# Red clawed crabs and Fiddler crabs



## ChickenScratch

Hi,

I'm interested in keeping crabs, but I don't know what kind to get. The two kinds i've seen at pet stores are red clawed crabs and fiddler crabs.
I am curious as to the differences between the two types of crabs. 

What water conditions do each of them prefer?

Do either of them like to be in groups, or are they both territorial?

How many of either kind can I keep in a 10 or 20 gallon tank?

Do they like different substrates, foods or anything else?

Do either of them get along better with other fish?


Any information on the subject is greatly appreciated :-o 
Thanks, Seth.


----------



## maxpayne_lhp

I think the first one can live underwater and the second must have a basking place... I'll try to help you with the latter cause the first I don't know much.



> What water conditions do each of them prefer?


Fiddler crabs live in brakish condition, a sandy basking place to dig.

[quote[ Do either of them like to be in groups, or are they both territorial?[/quote]
I saw them kept in group.



> Do they like different substrates, foods or anything else?


I think sand is the best.

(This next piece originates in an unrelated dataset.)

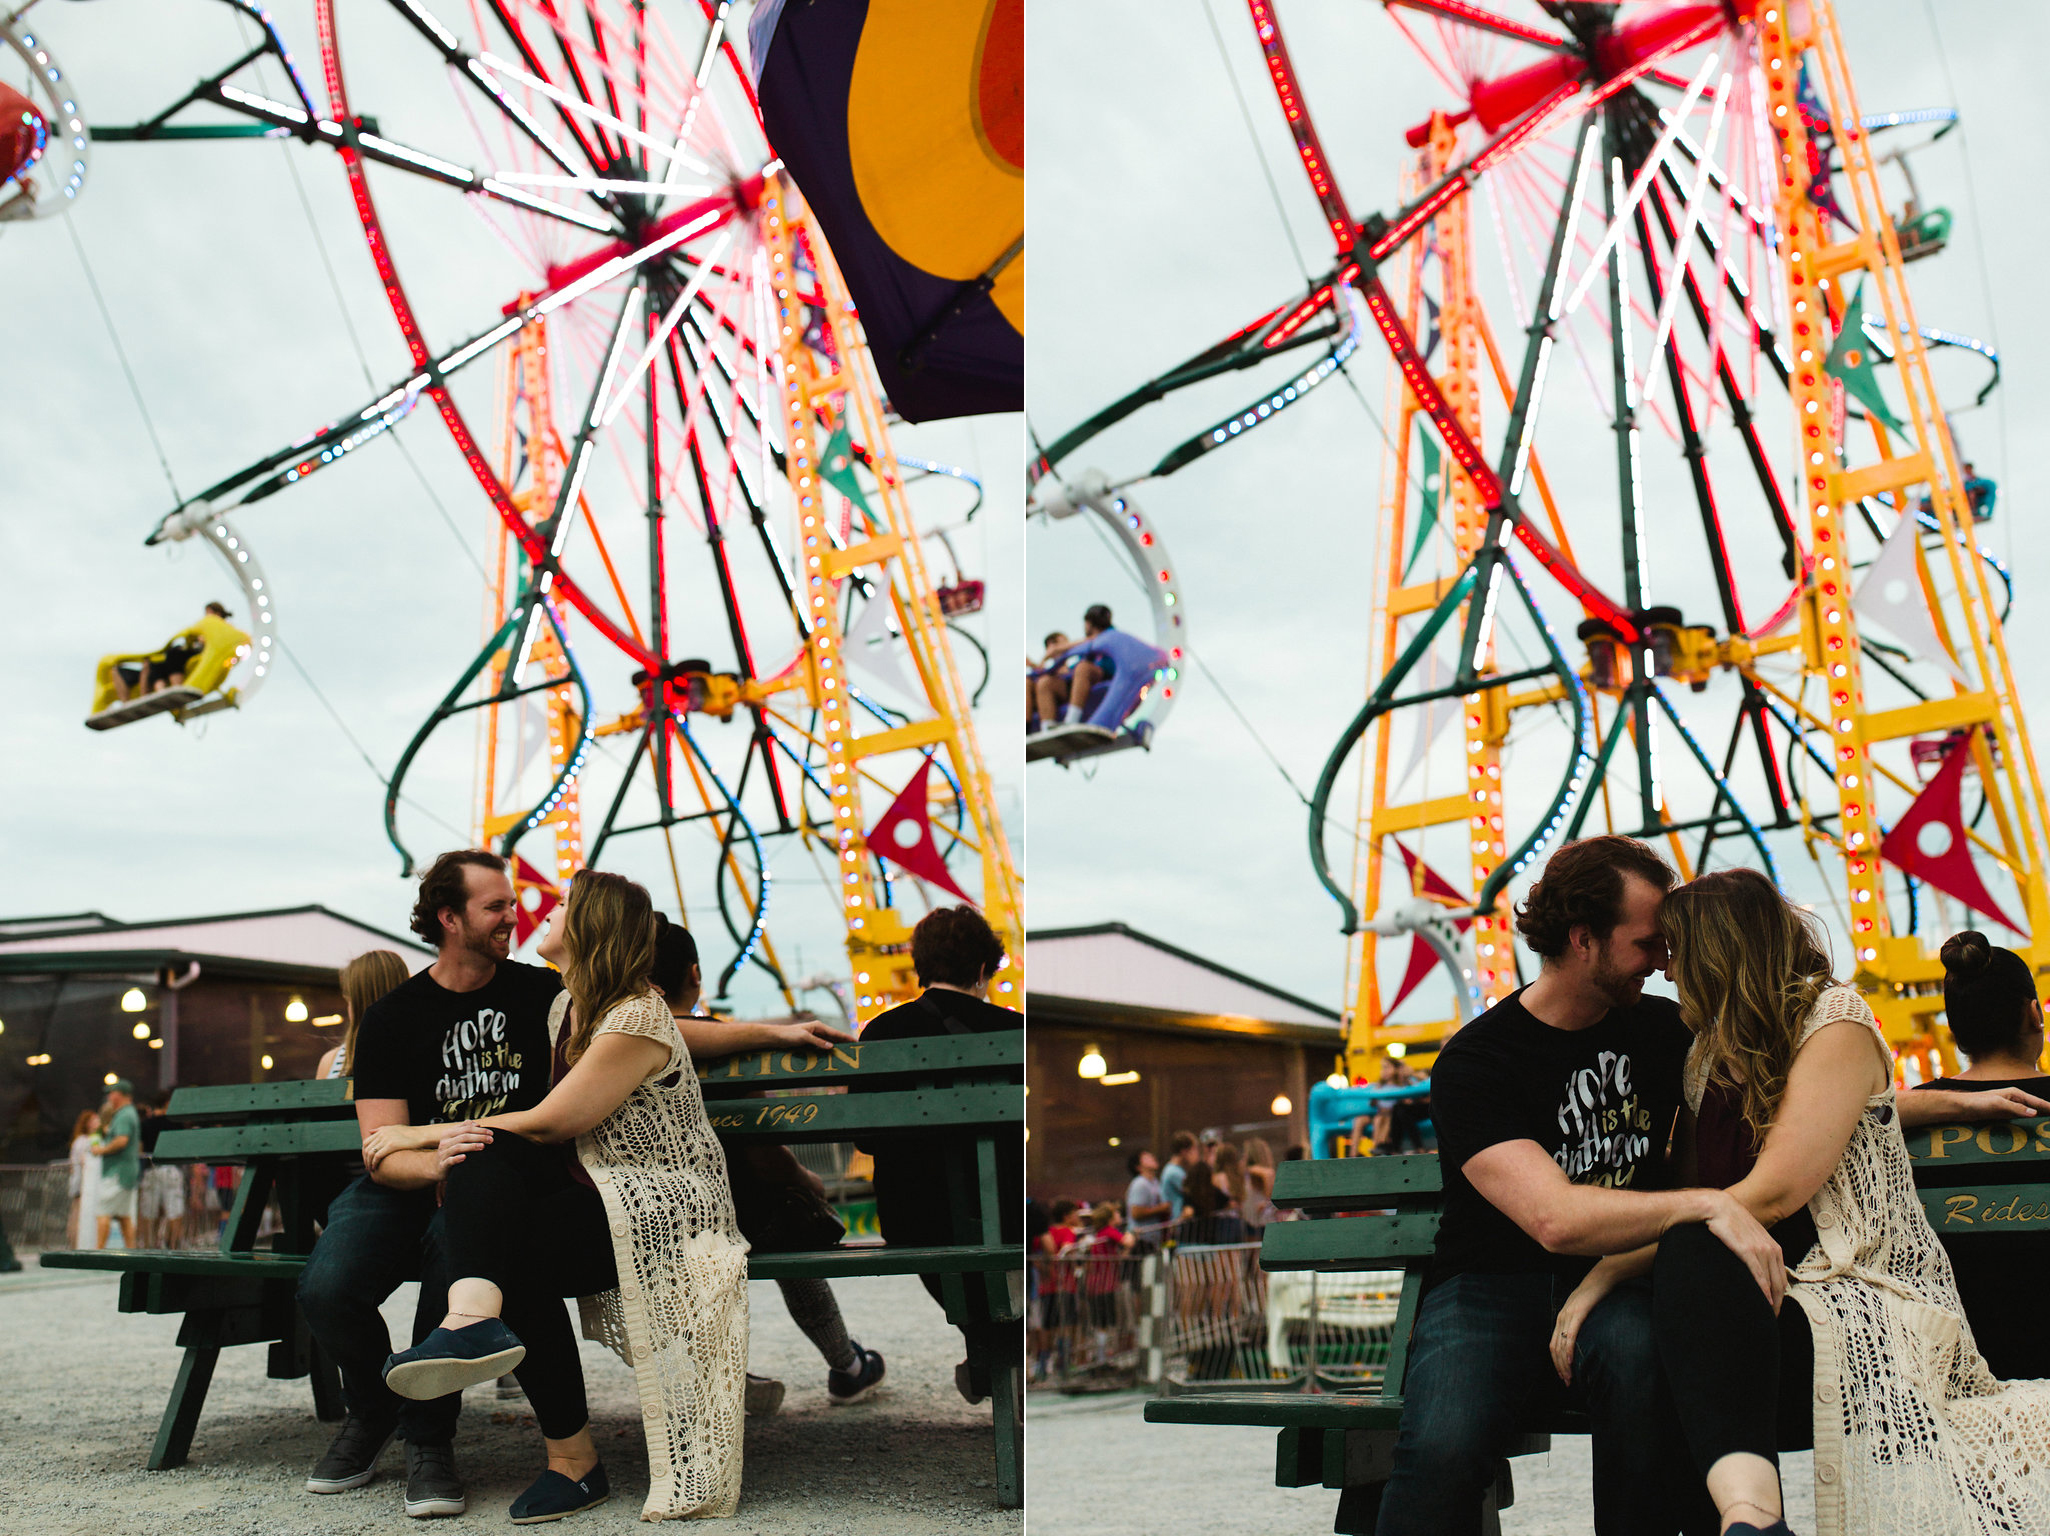 Williamson-County-Fair-Franklin-Tennessee-Couples-21

Not sure about food, chopped fish?
[qupte]
Do either of them get along better with other fish?[/quote]
I doubt that, as the basking place may low the water level so besides mud-skippers, I don't knwo what else to keep.


----------



## blakeoe

red claw crabs are fully aquatic (can live completely underwater) They do not NEED salt but like a neutral Ph and will eat anything on the bottom including flake food and shrimp pellets im sure they'd love a dead fish or shrimp now and then. I have never heard of either types bothering healthy fish, they're too slow but may pick off a sick one. Substrate shouldn't matter ive kept them in gravel and sand. They do like rocks to climb on but MAKE SURE THEY CAN NOT GET OUT!! THEY ARE ESCAPE ARTISTS!! i have seen them climb to the top of the aquarium using only the sealant in the corner of the tank. Make sure you have a top with no holes!! Not sure about fidlers but red claw crabs should be stocked at 1 male per square foot but if they do fight it's usually not bad. Some people will say red claw crabs need a basking place, salt water, etc.. everything i have said is from experience i have been keeping red claw crabs for months now and they do just fine with my tank and i have no basking place or salt or anything special to accomidate them any different than my fish.


----------



## maxpayne_lhp

A hood can be good, either trap them in or prevent evoparation.


----------



## ChickenScratch

Ok thanks for the info


----------